◆ What the task requires ◆
Where the line containing "Louis Vuitton Artificial" appears, start repeating, and continue exactly through the last line below, adding nothing. Include no pictures.

◆ Supplied data ◆
=====

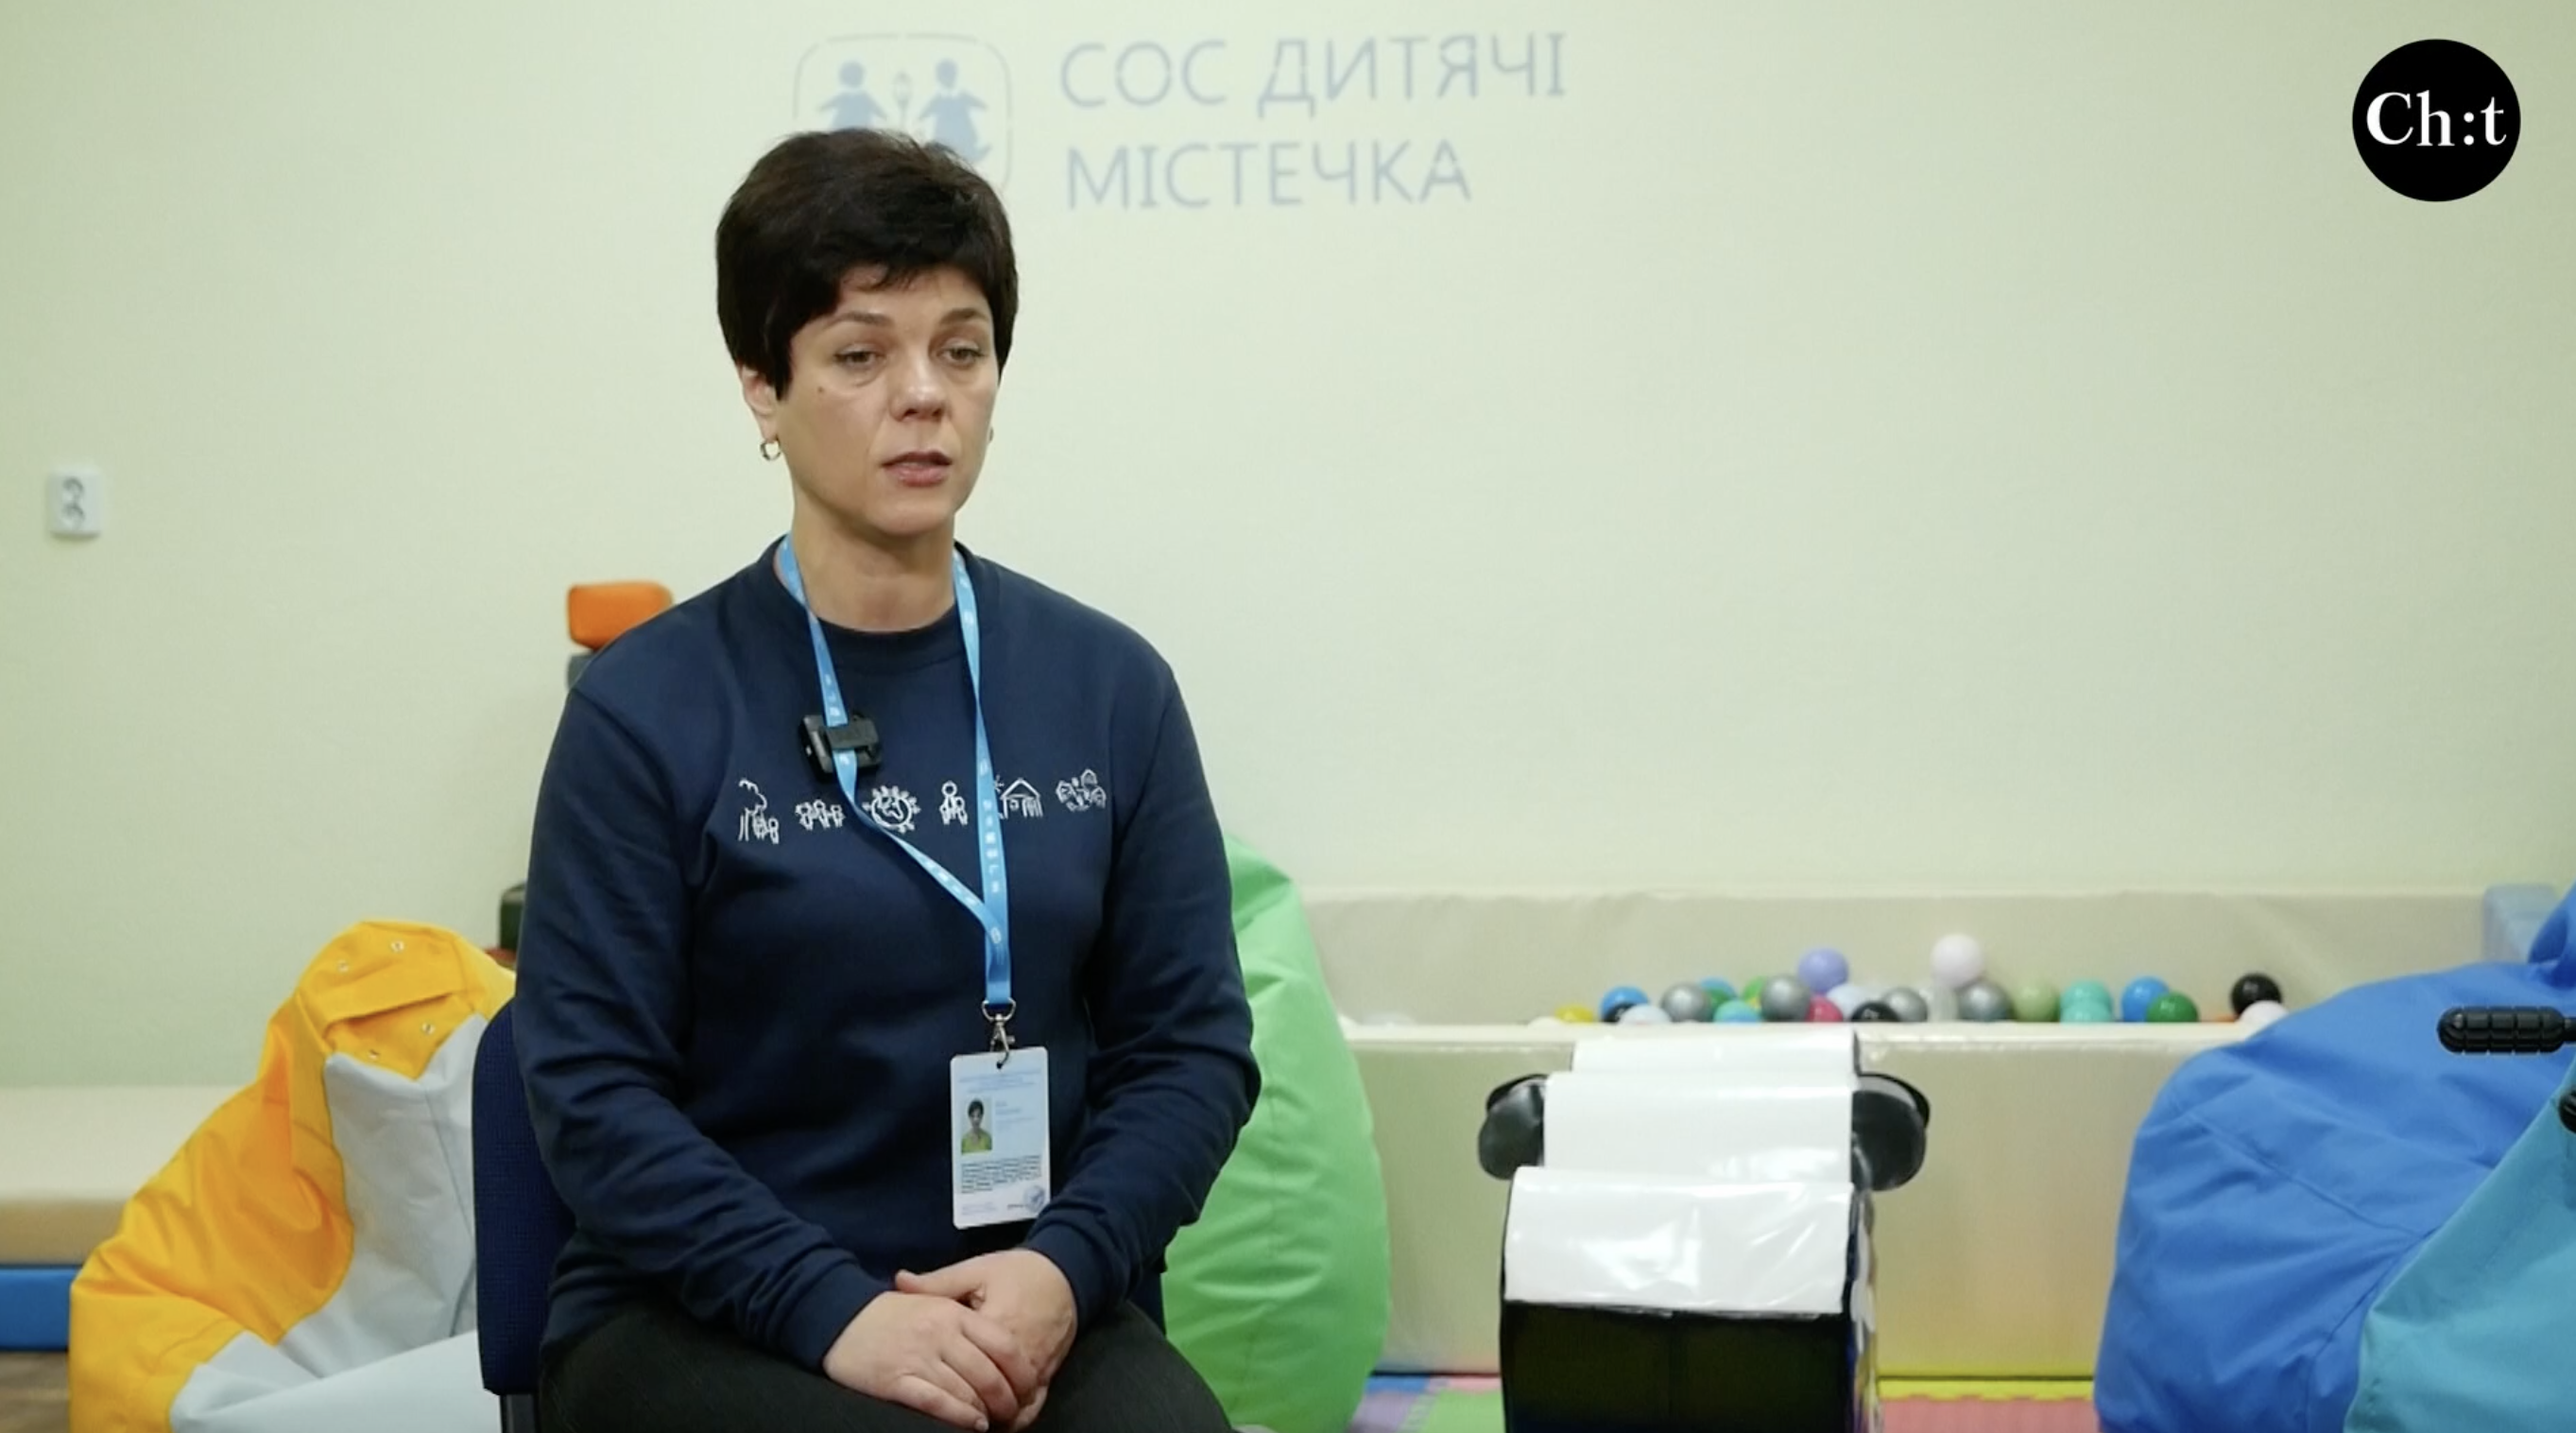 Вікторія Кнуренко, менеджерка мобільної бригади «СОС Дитячі містечка Україна»
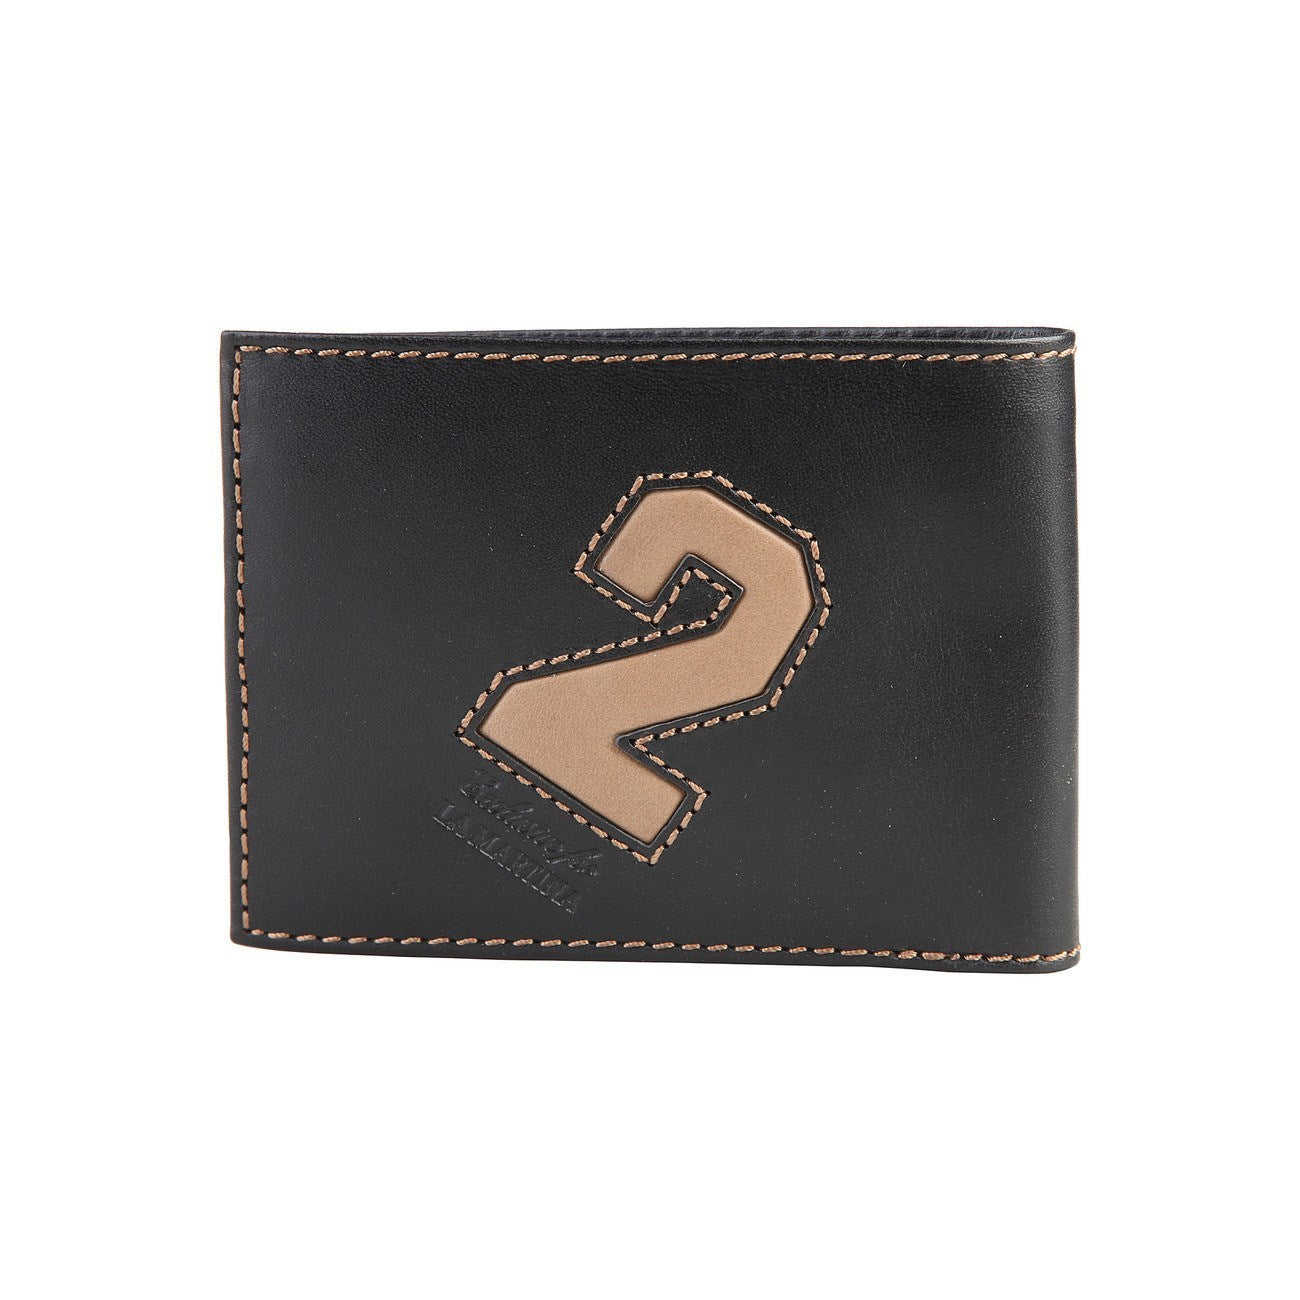 Louis Vuitton Artificial Leather Wallet - Men's Accessories BD
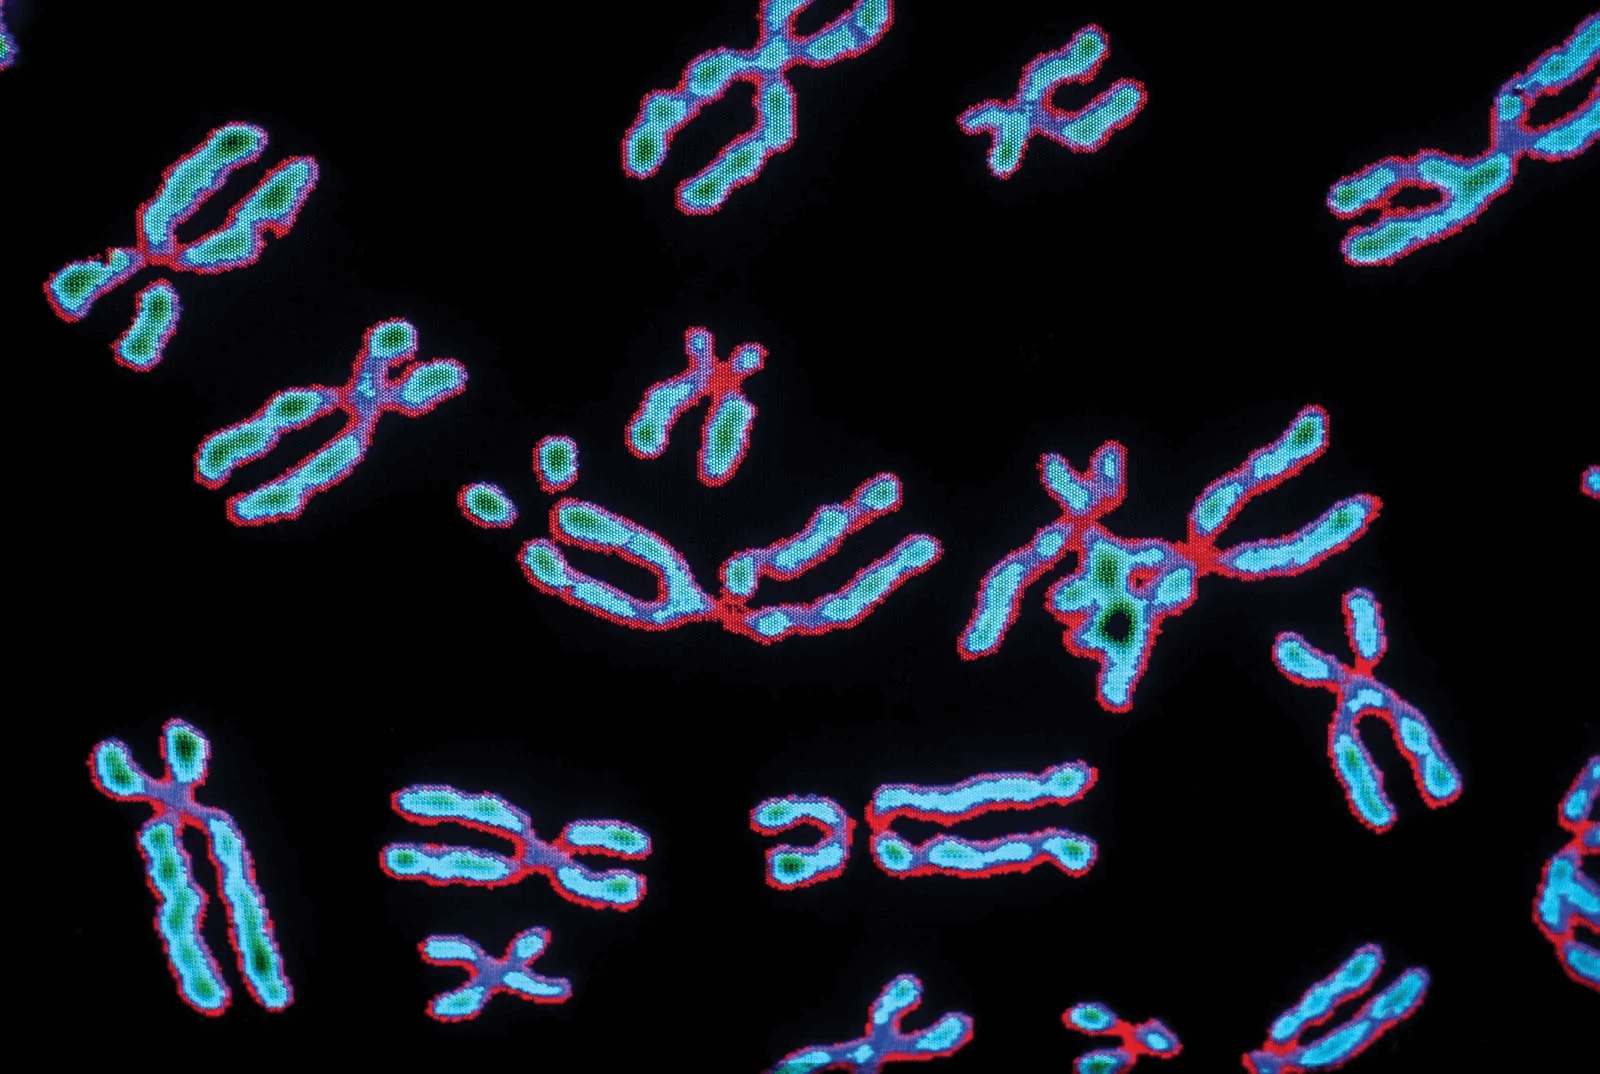 Хромосомы лучше видны. Хромосомные болезни хромосомы. Хромосомные аберрации. Клетка ДНК человека 46 хромосом. Хромосомные мутации под микроскопом.

=====

◆ Response ◆
 Louis Vuitton Artificial Leather Wallet - Men's Accessories BD
 Хромосомы лучше видны. Хромосомные болезни хромосомы. Хромосомные аберрации. Клетка ДНК человека 46 хромосом. Хромосомные мутации под микроскопом.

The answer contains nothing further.